To determine the original pressure of a 750 ml sample of helium (He) at 0 degrees Celsius, we can use the combined gas law, which relates the initial and final conditions of a gas sample. The combined gas law equation is:
(P1 × V1) / (T1) = (P2 × V2) / (T2)
Where:
P1 and P2 are the initial and final pressures, respectively.
V1 and V2 are the initial and final volumes, respectively.
T1 and T2 are the initial and final temperatures, respectively.

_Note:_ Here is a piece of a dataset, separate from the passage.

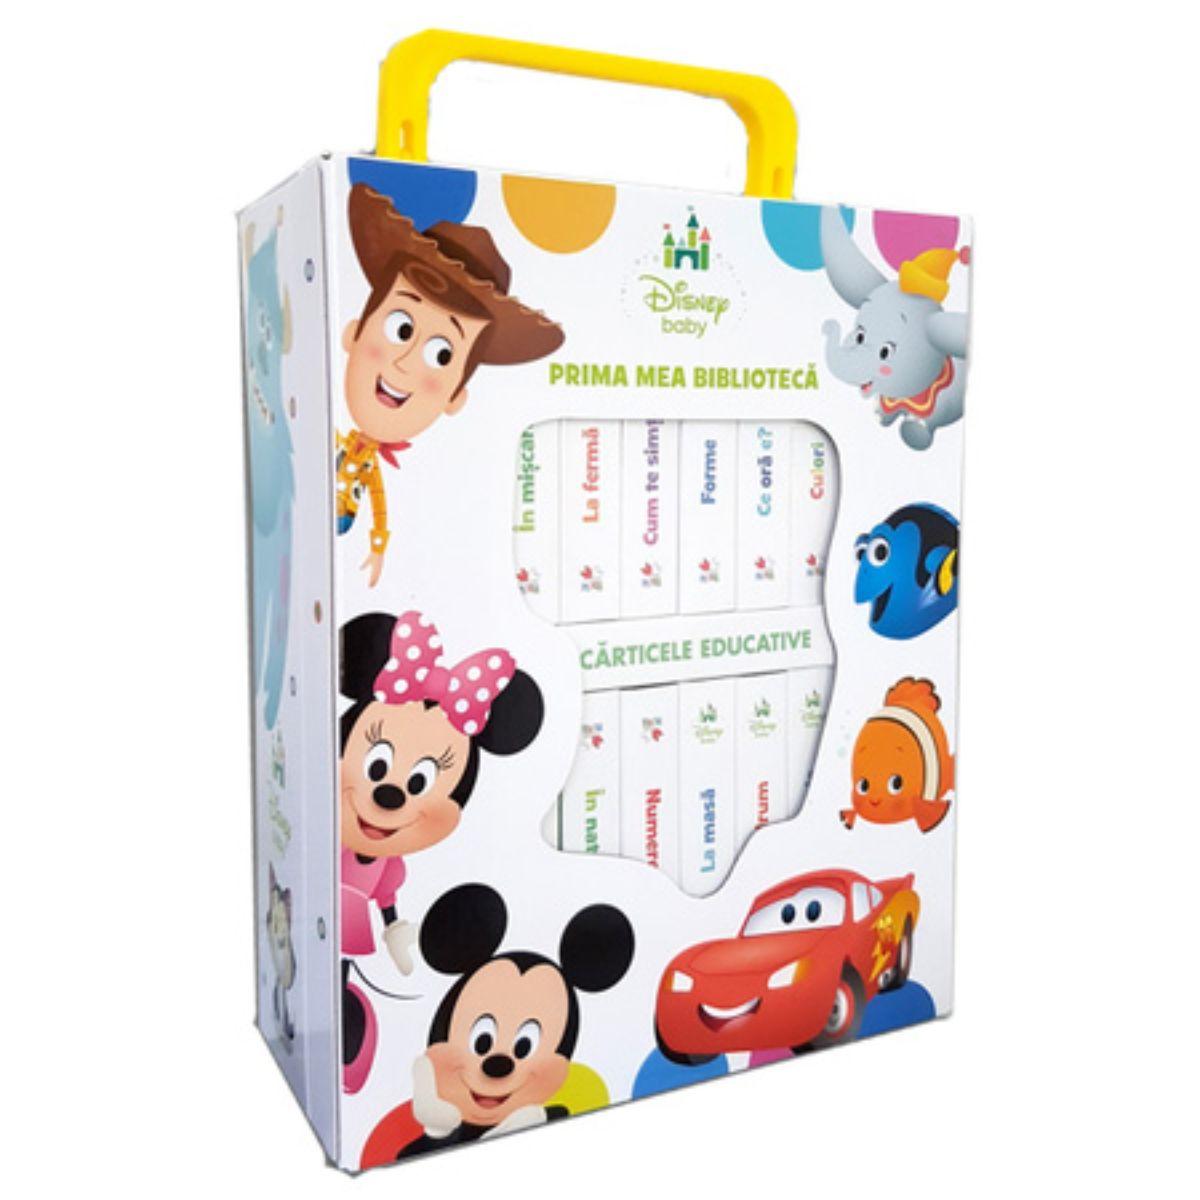 Disney Baby - Prima mea biblioteca (12 carticele) reeditare

Let's assign the given values:
P1 = unknown (original pressure)
V1 = 750 ml (initial volume)
T1 = 0 degrees Celsius (initial temperature)
P2 = 2 atm (final pressure)
V2 = 500 ml (final volume)
T2 = 25 degrees Celsius (final temperature)
Before using the combined gas law equation, we need to convert the temperatures to Kelvin scale by adding 273.15 to both T1 and T2:
T1 = 0 + 273.15 = 273.15 K
T2 = 25 + 273.15 = 298.15 K
Now we can plug in the values into the combined gas law equation:
(P1 × 750 ml) / (273.15 K) = (2 atm × 500 ml) / (298.15 K)
To solve for P1, we can cross multiply and rearrange the equation:
P1 = (2 atm × 500 ml × 273.15 K) / (750 ml × 298.15 K)
P1 = 0.924 atm
Therefore, the original pressure of the 750 ml sample of helium at 0 degrees Celsius is approximately 0.924 atm.